Он пересек Торплац, свернул в узкий Радгассе — «Колесный переулок». Навстречу ему попался шустрый улыбающиеся немецкий дедушка, шествующий за ручку, как здесь принято, с востроглазой негритяночкой лет тридцати. В России это называлось «по-солдатски». Не этот ли типаж уже встречался ему примерно неделю назад с вкрадчивой китаянкой примерно того же возраста?
Слева показалась «Башня шпионов» — видимо, с нее во времена дикого Средневековья высматривали вражеских лазутчиков. Неподалеку на непомерно большом постаменте, испещренном невнятными барельефами, торчала хиловатая фигурка мифического «короля угрей» — не тех, которые на физиономии (как тут не вспомнить Набокова: «Угорьки-то из вас повыжмут, будьте спокойны»[2]), а которые рыбы. По названию сего деликатеса и был именован город.

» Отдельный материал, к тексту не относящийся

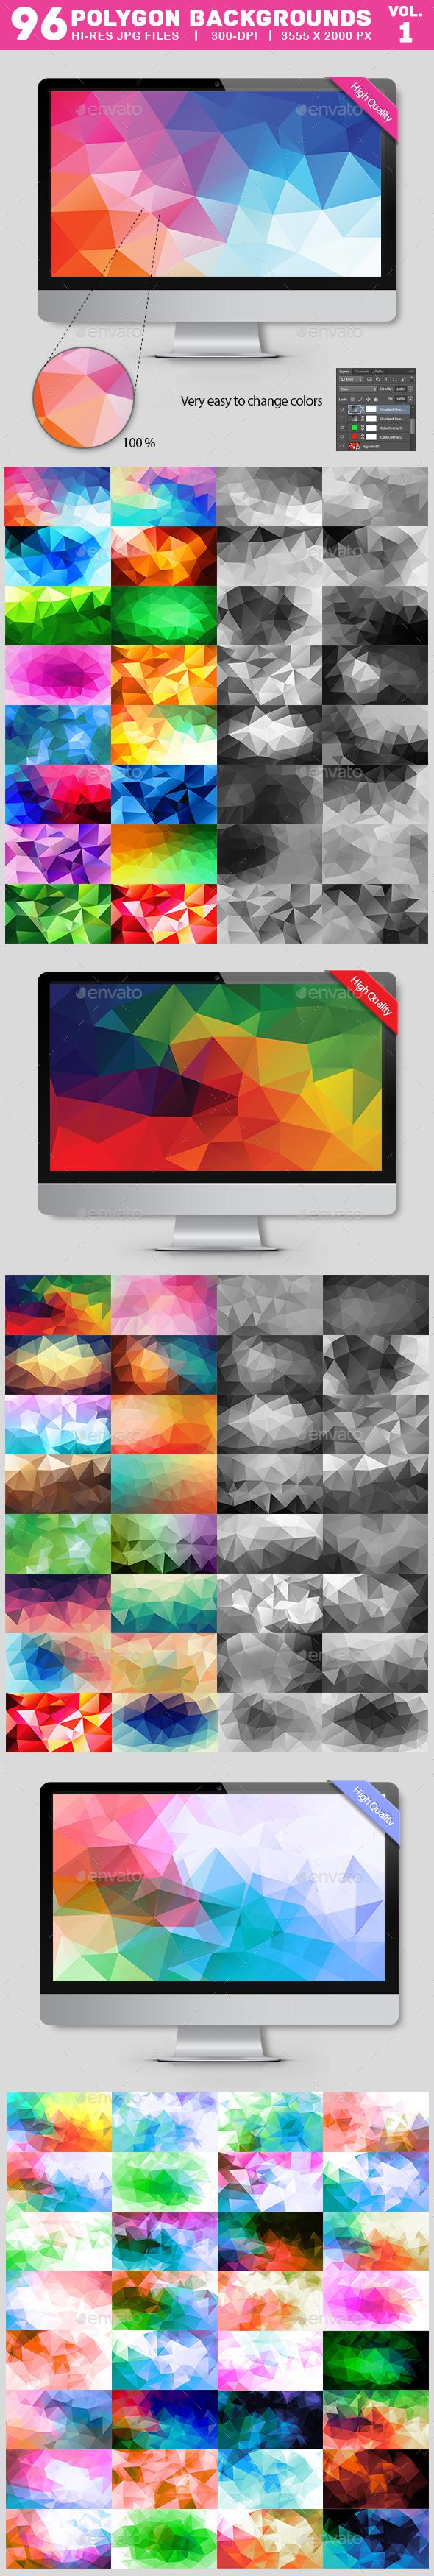 96 Polygon Backgrounds Bundle
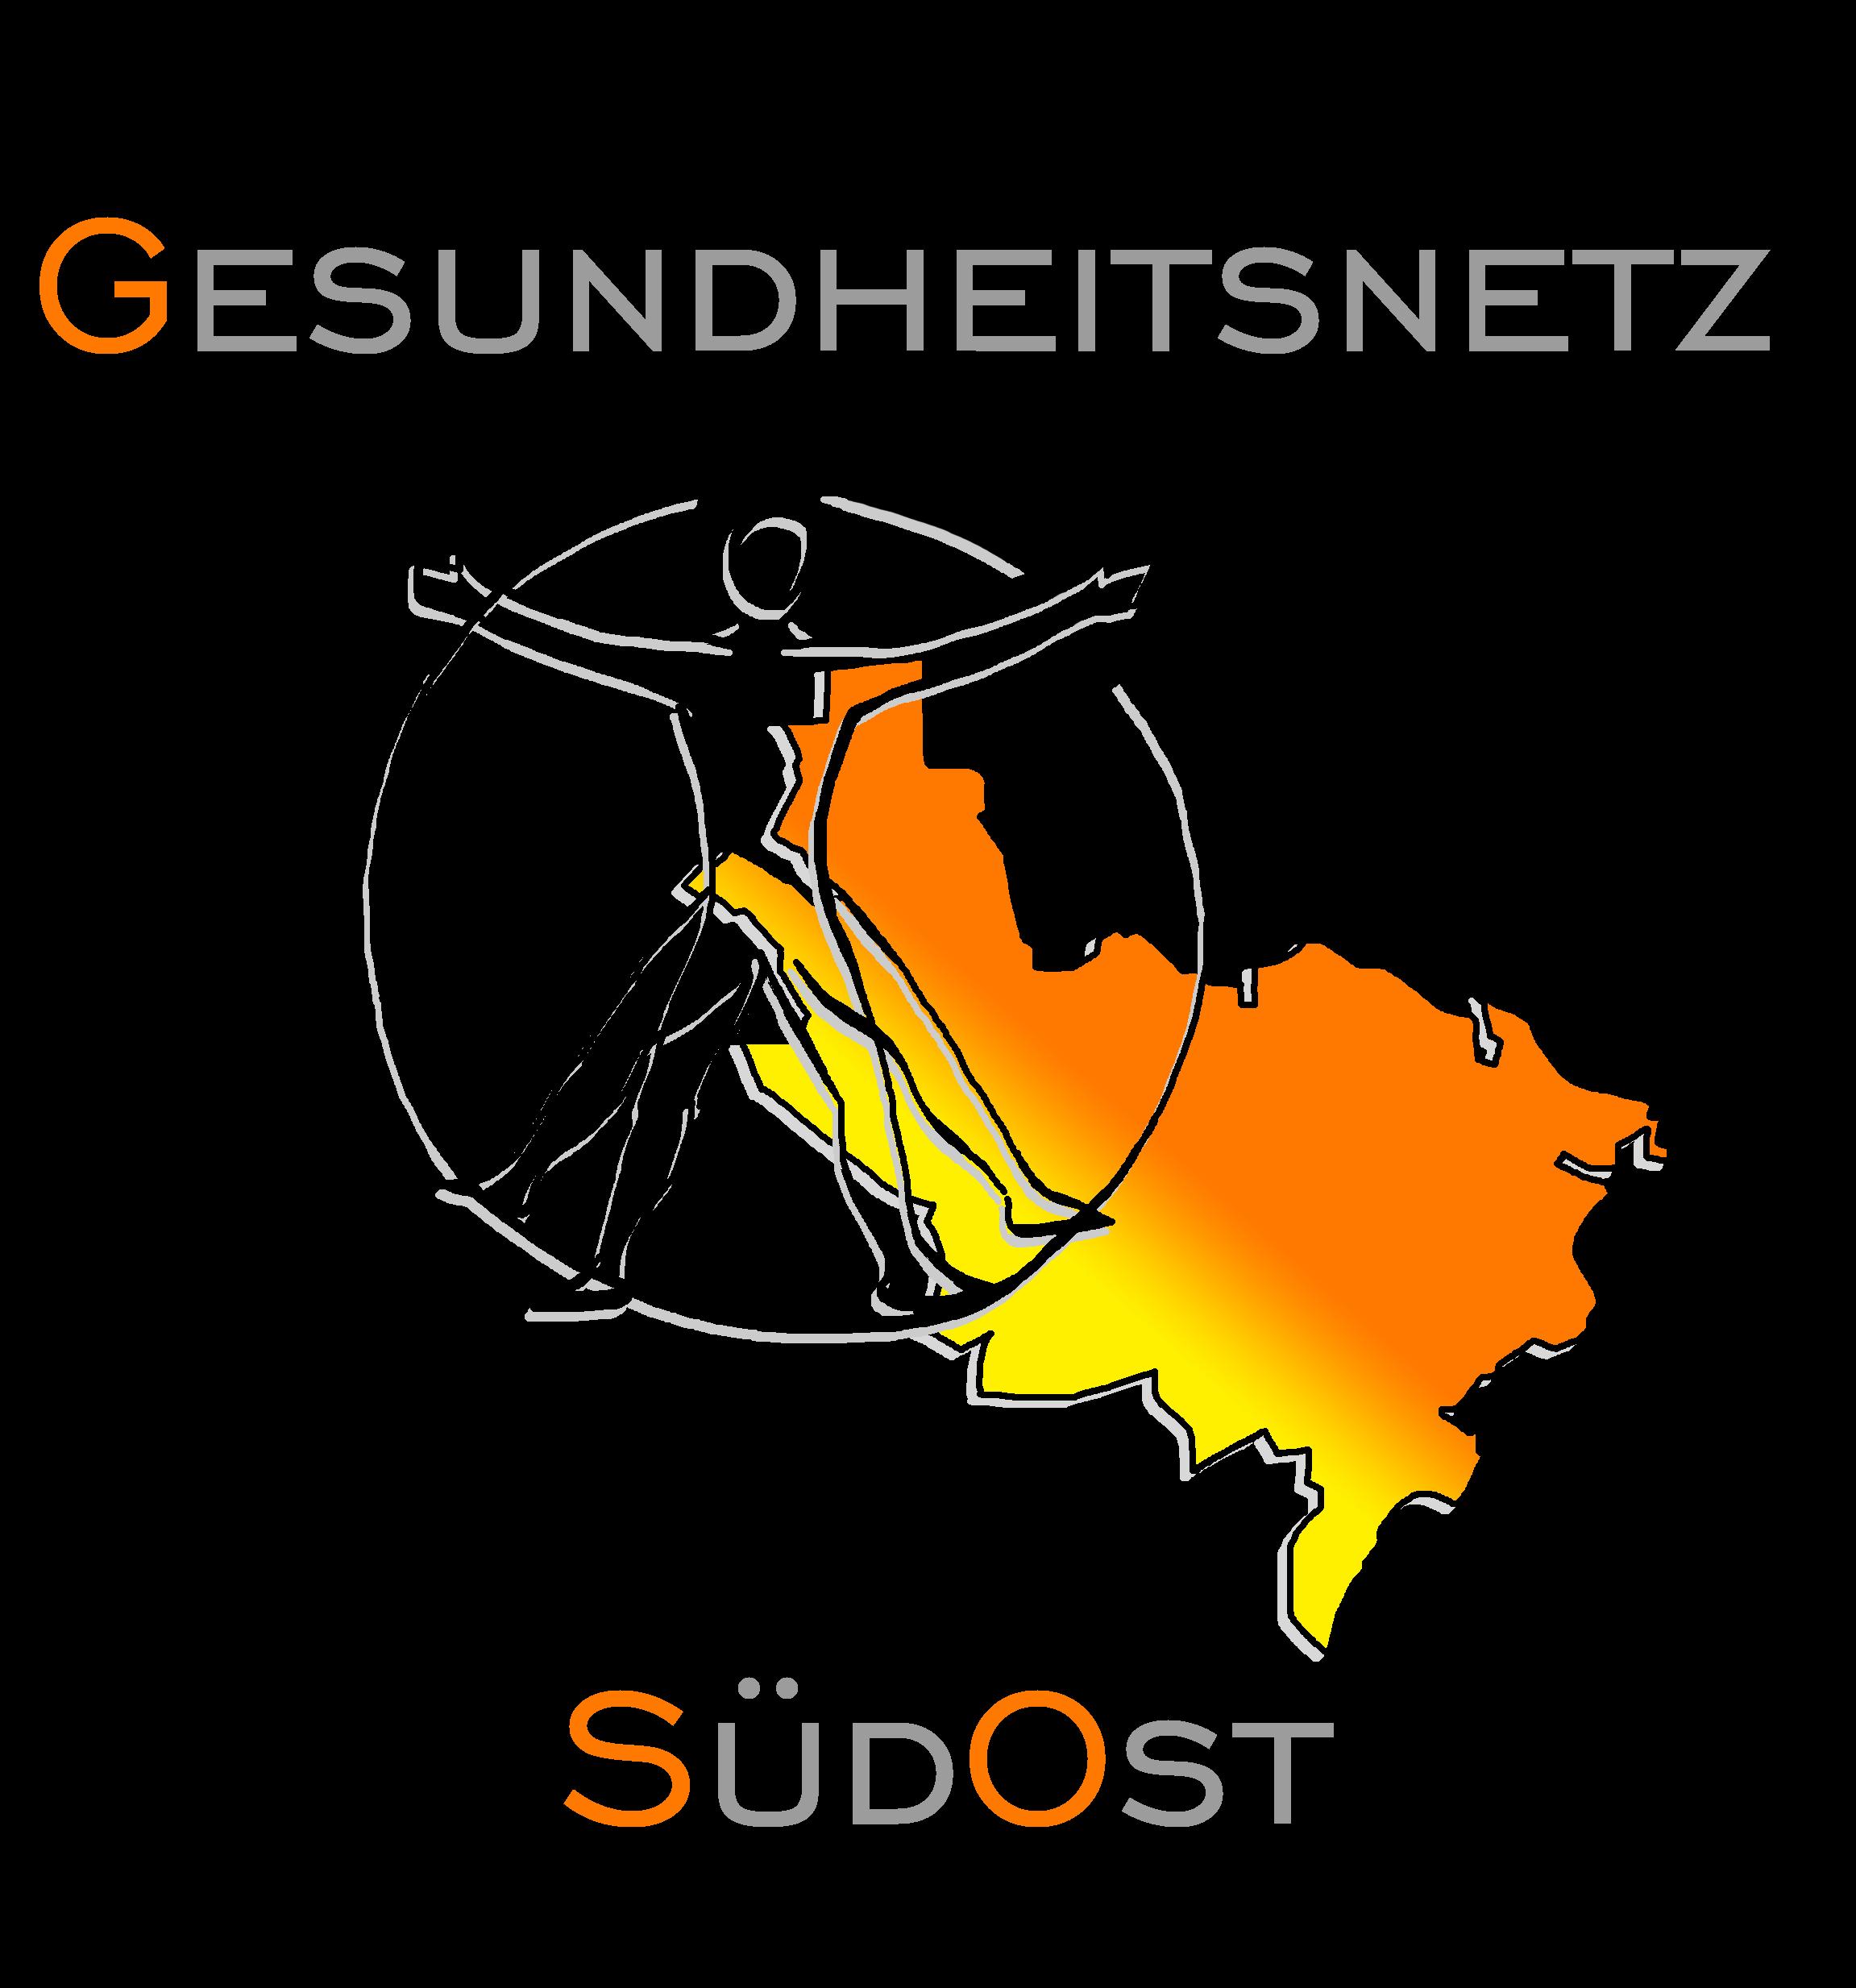 GSO-Berlin

Вроде бы угри должны были обитать в бойкой речонке с еврейской фамилией Кохер, сбегающей с гор, и то пропадающей где-то под городскими мостовыми, то вновь неожиданно выскакивающей на свет божий. Но как раз угрей он в ней и не замечал никогда, зато пятнистую стремительную форель видел не раз. Он прошел мимо огромного разлапистого здания банка и вошел в гонконгскую закусочную. Здесь его знали, и он не чувствовал себя чужаком.
О каменную столешницу звякнула бутылка «Биттбургера», а затем и гигантская тарелка с выбранным им раз и навсегда блюдом, кстати, самым дешевым: кусочками цыпленка с рисом, овощами, молодыми побегами бамбука, некими китайскими грибами (неопасными). Все это тушилось тут же на большой сковороде с ловким подбрасыванием.
Напротив, в потемневшем окне он увидел себя.
Вот так:
Как вдруг от мыслей о собственной вполне жизнеспособной и даже усердно жующей голове его отвлек приглушенный женский голос:
— Светка, куда сядем-то? Может, к этому мужику?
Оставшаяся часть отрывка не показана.